_Exercise directions_
Copy the data below exactly. Any pictures in it should be omitted.

-------- Source material --------

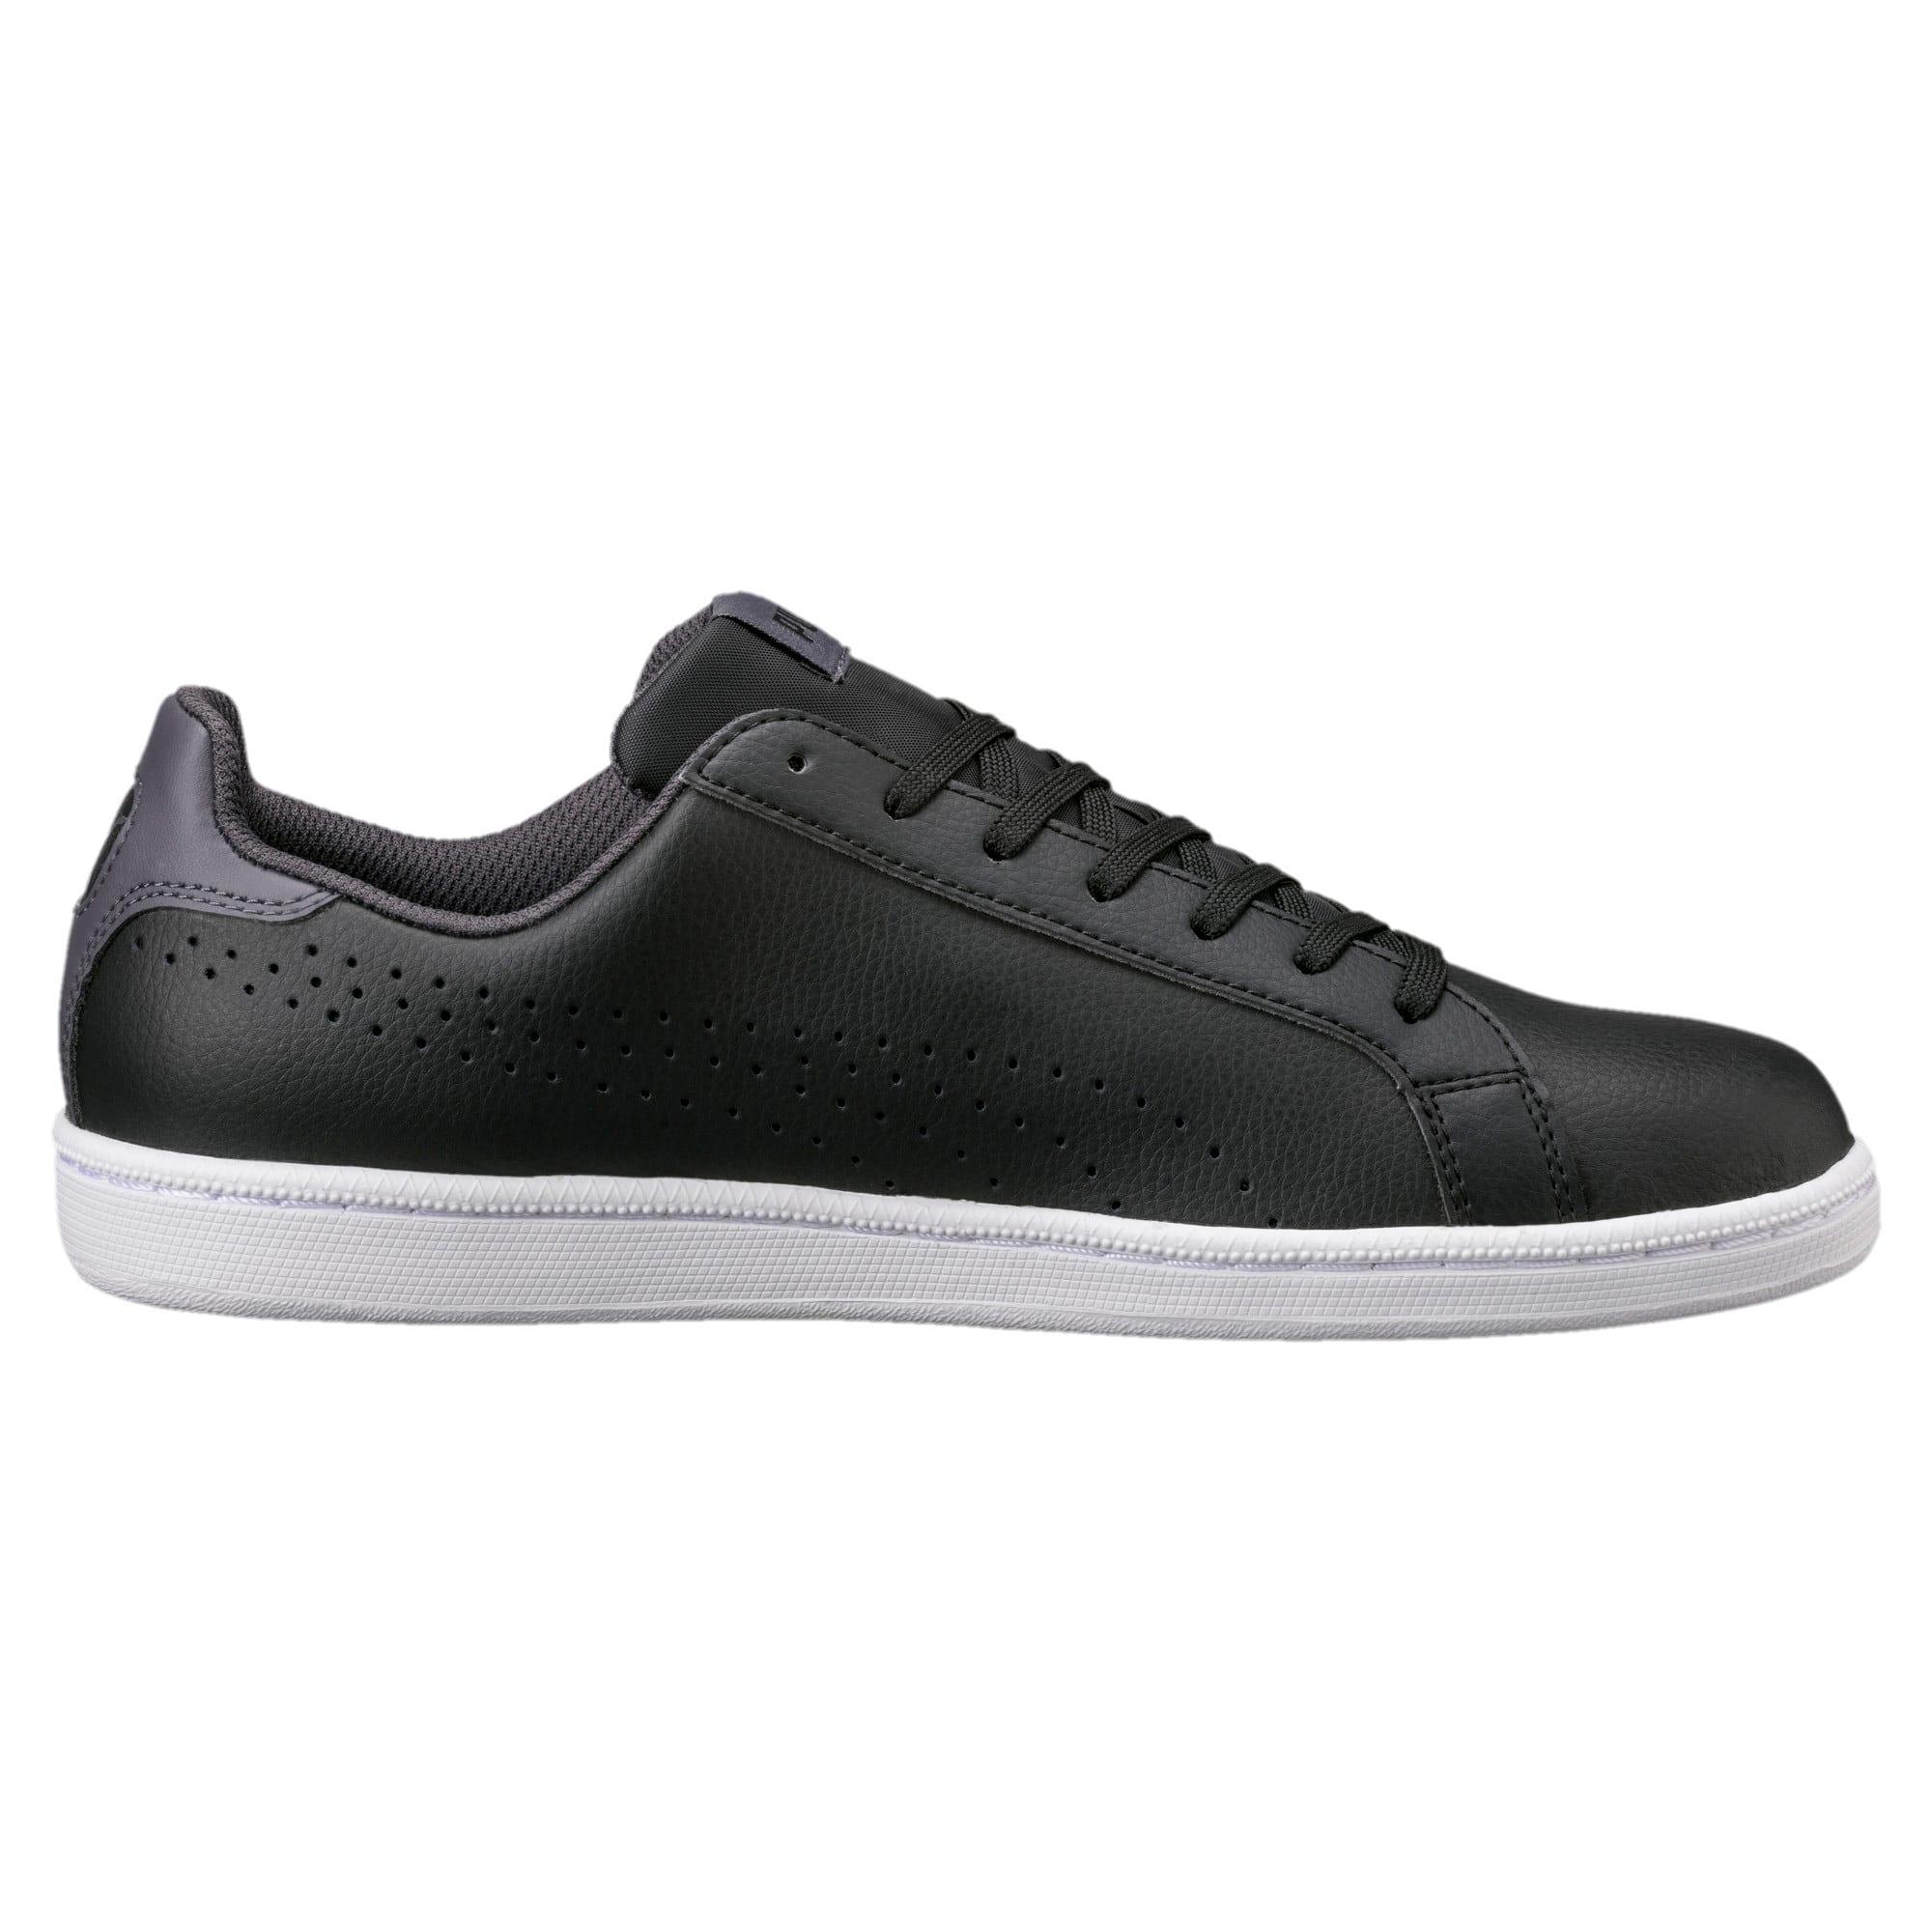 Thumbnail 3 of PUMA Smash Perf Sneakers, Puma Black-Periscope, medium
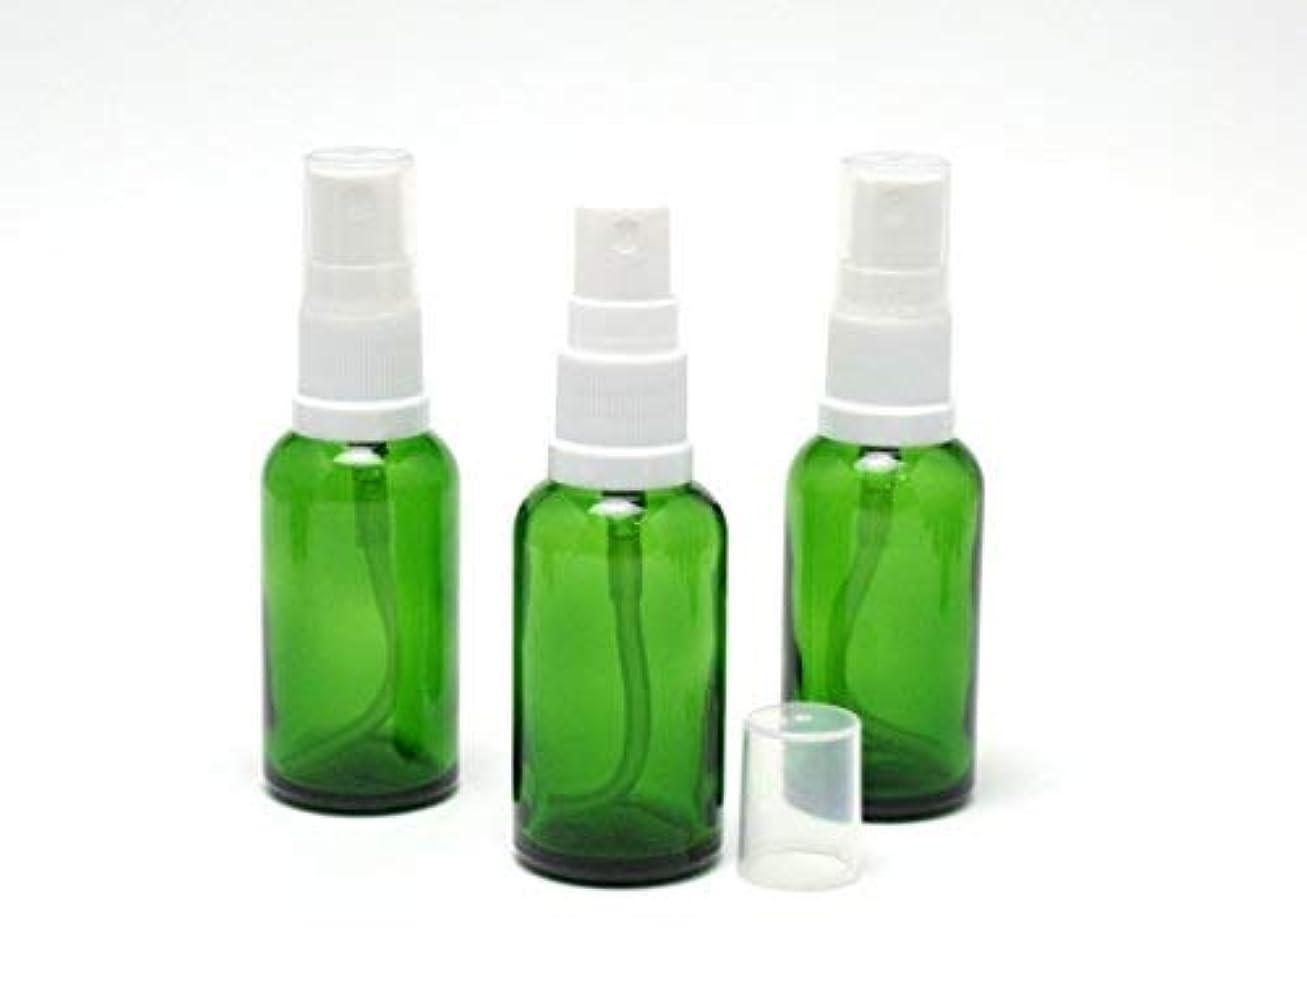 通り楕円形しわ遮光瓶 スプレーボトル (グラス/アトマイザー) 30ml グリーン/ホワイトヘッド 3本セット 【 新品アウトレットセール 】
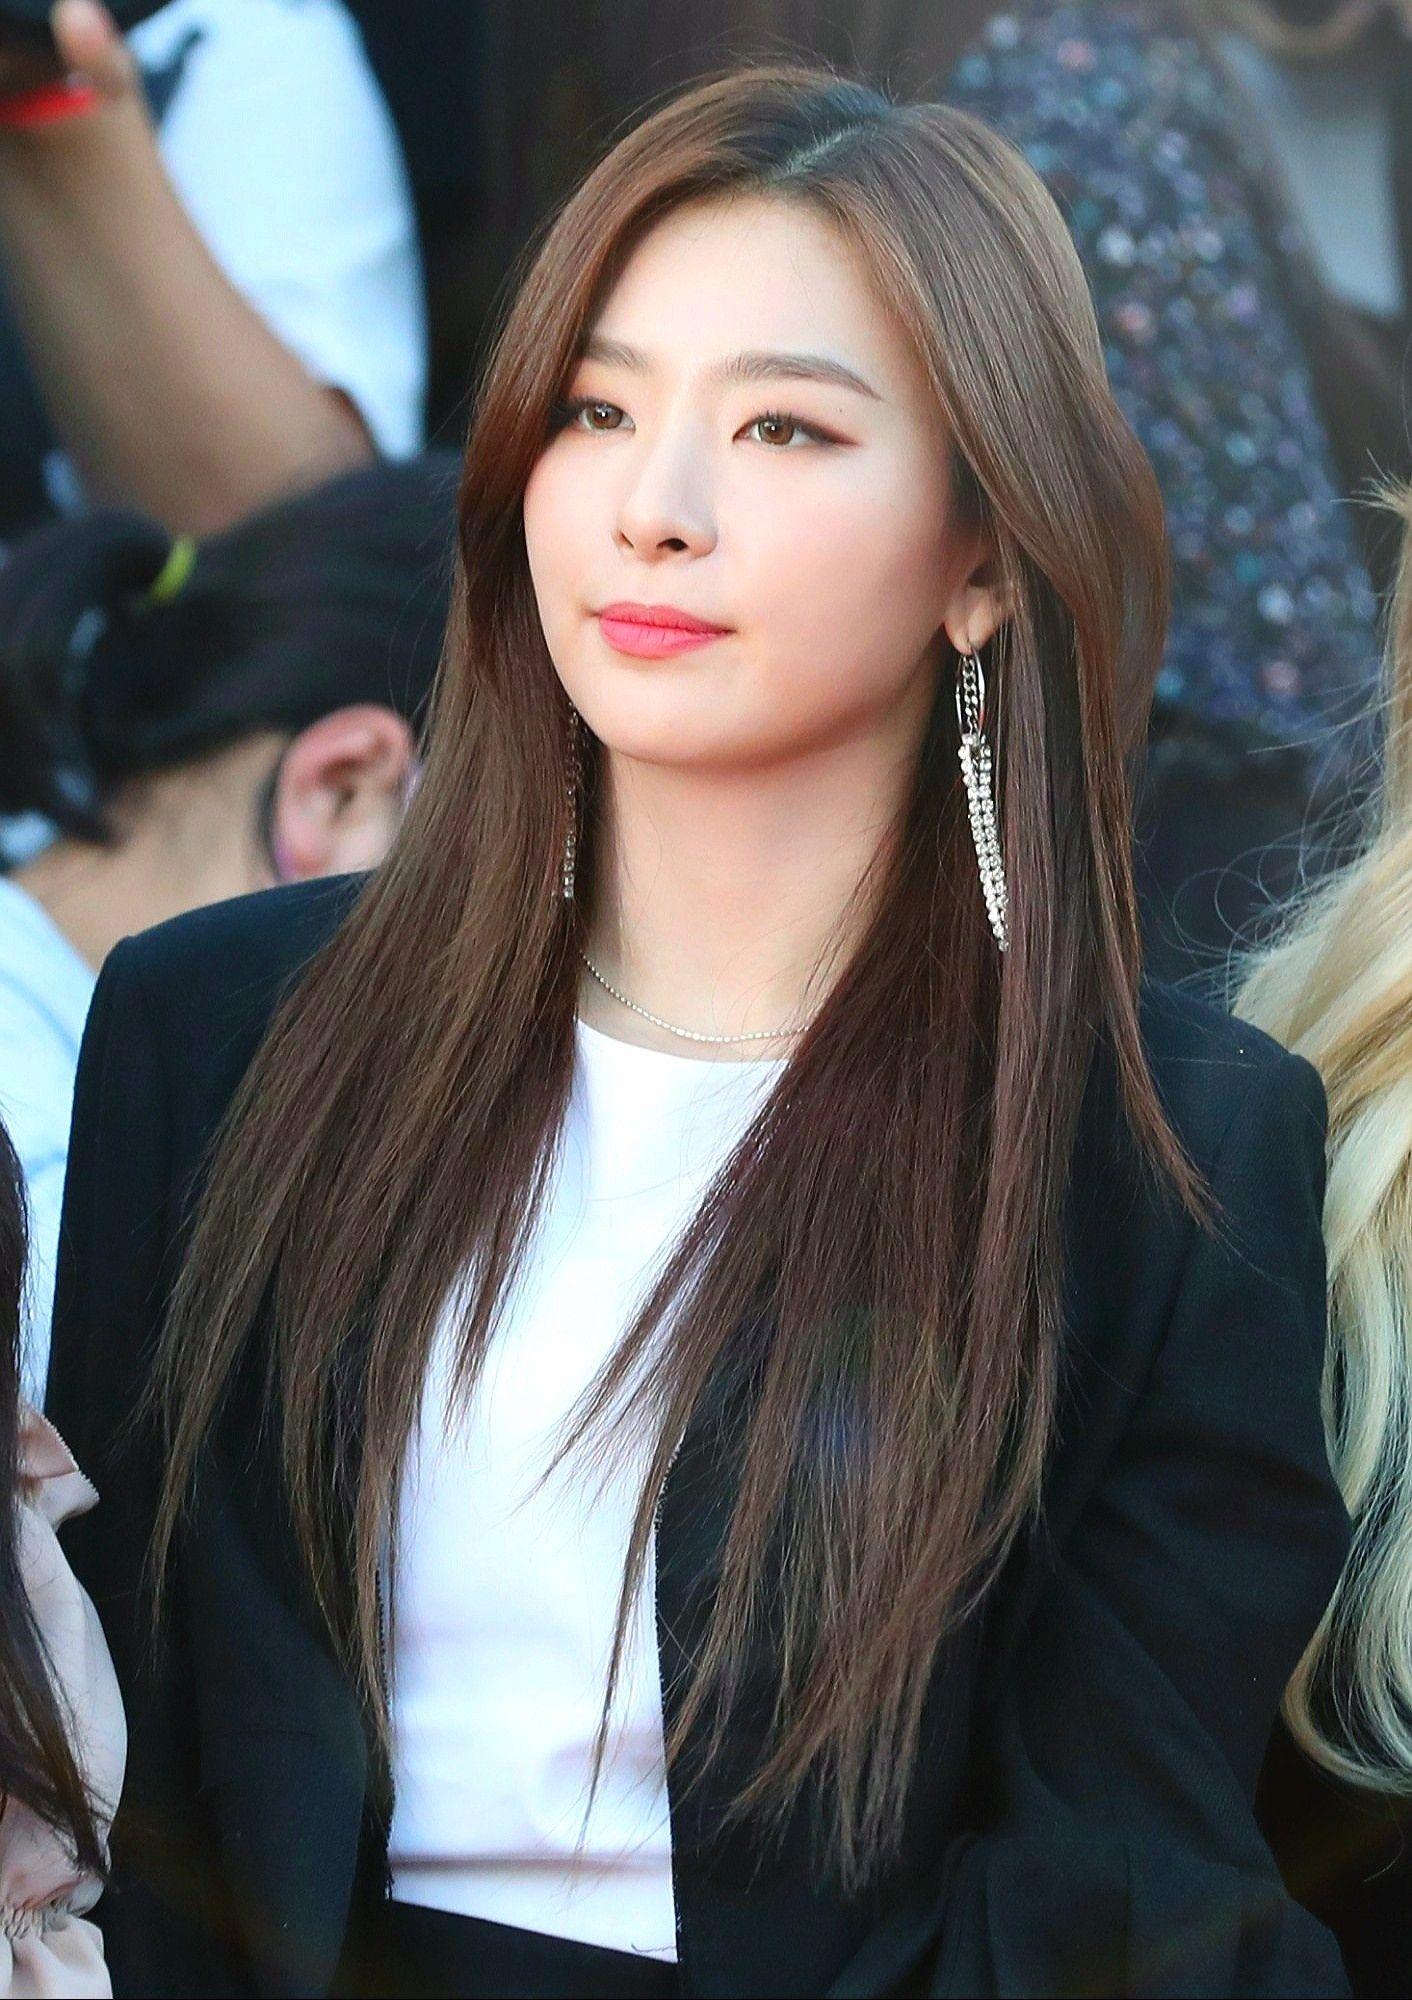 Red Velvet Seulgi Redvelvet Reveluv Seulgi Kpop Red Velvet Red Velvet Seulgi Wendy Red Velvet
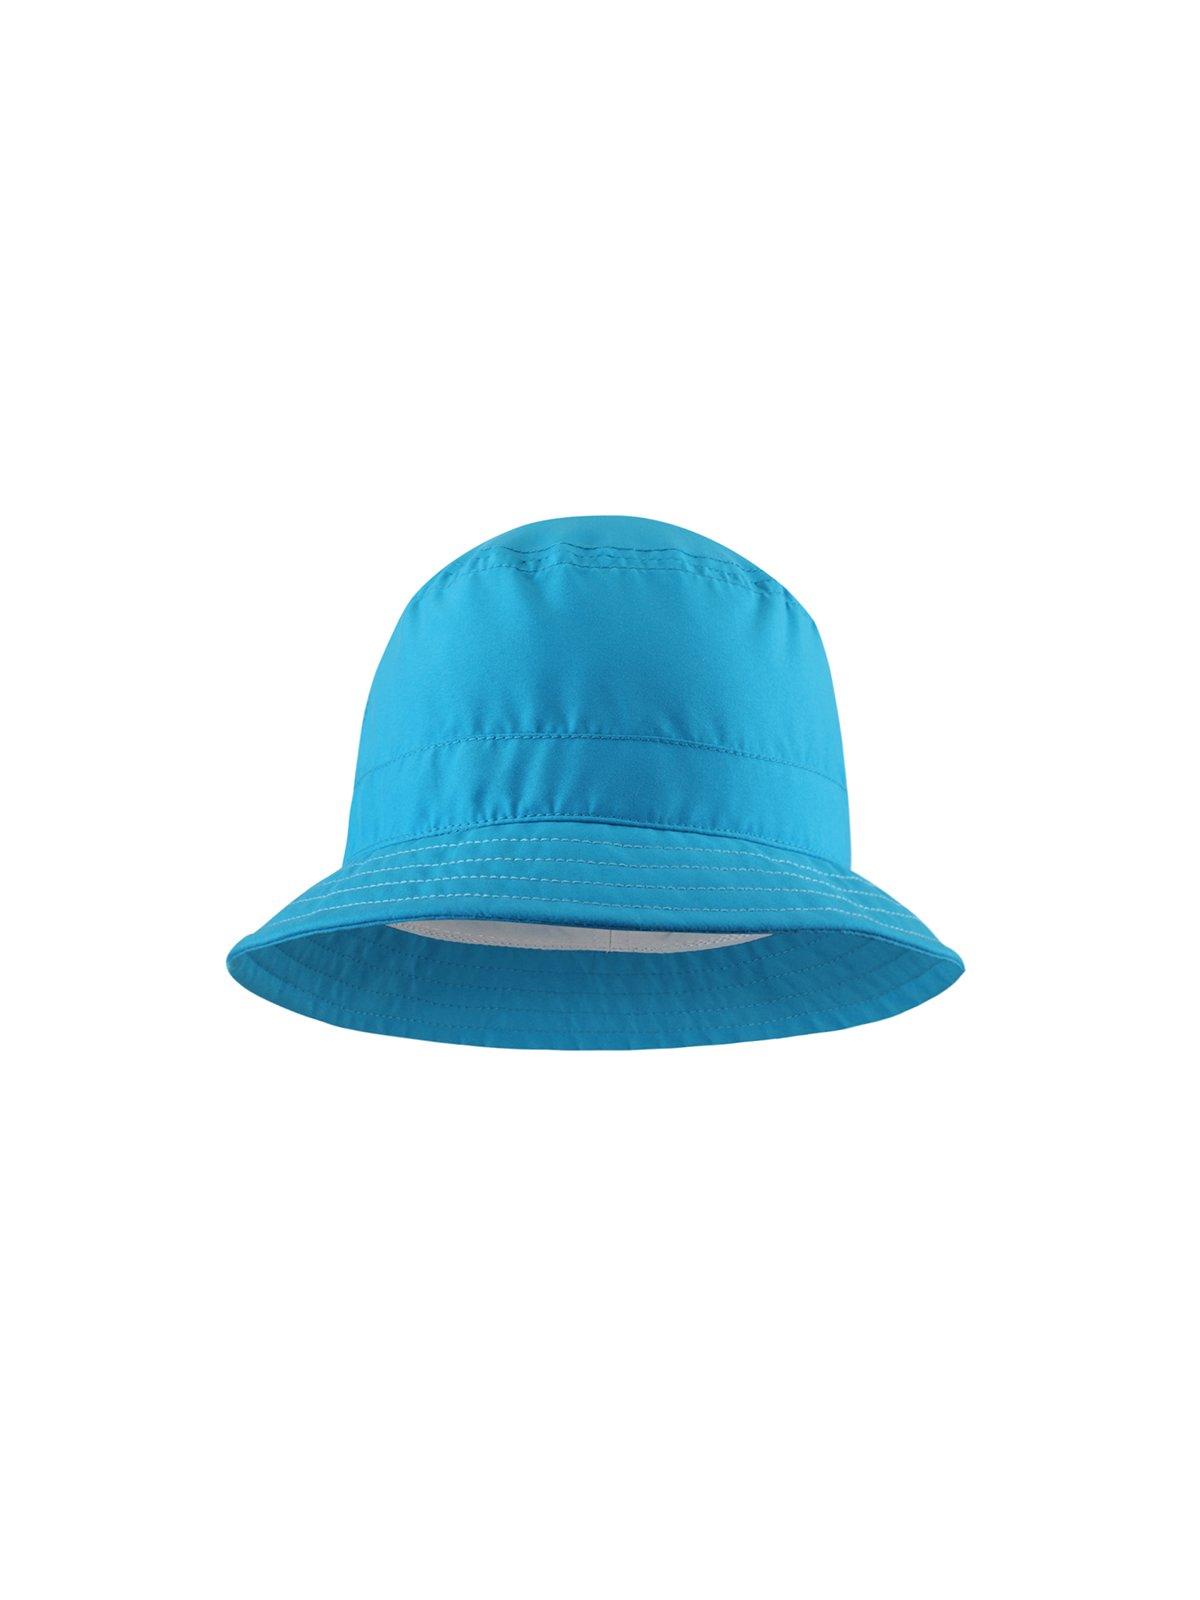 Панамка блакитна | 916001 | фото 2

--------

_Solution below_
 Thumbnail 3 of PUMA Smash Perf Sneakers, Puma Black-Periscope, medium
 通り楕円形しわ遮光瓶 スプレーボトル (グラス/アトマイザー) 30ml グリーン/ホワイトヘッド 3本セット 【 新品アウトレットセール 】
 Red Velvet Seulgi Redvelvet Reveluv Seulgi Kpop Red Velvet Red Velvet Seulgi Wendy Red Velvet
 Панамка блакитна | 916001 | фото 2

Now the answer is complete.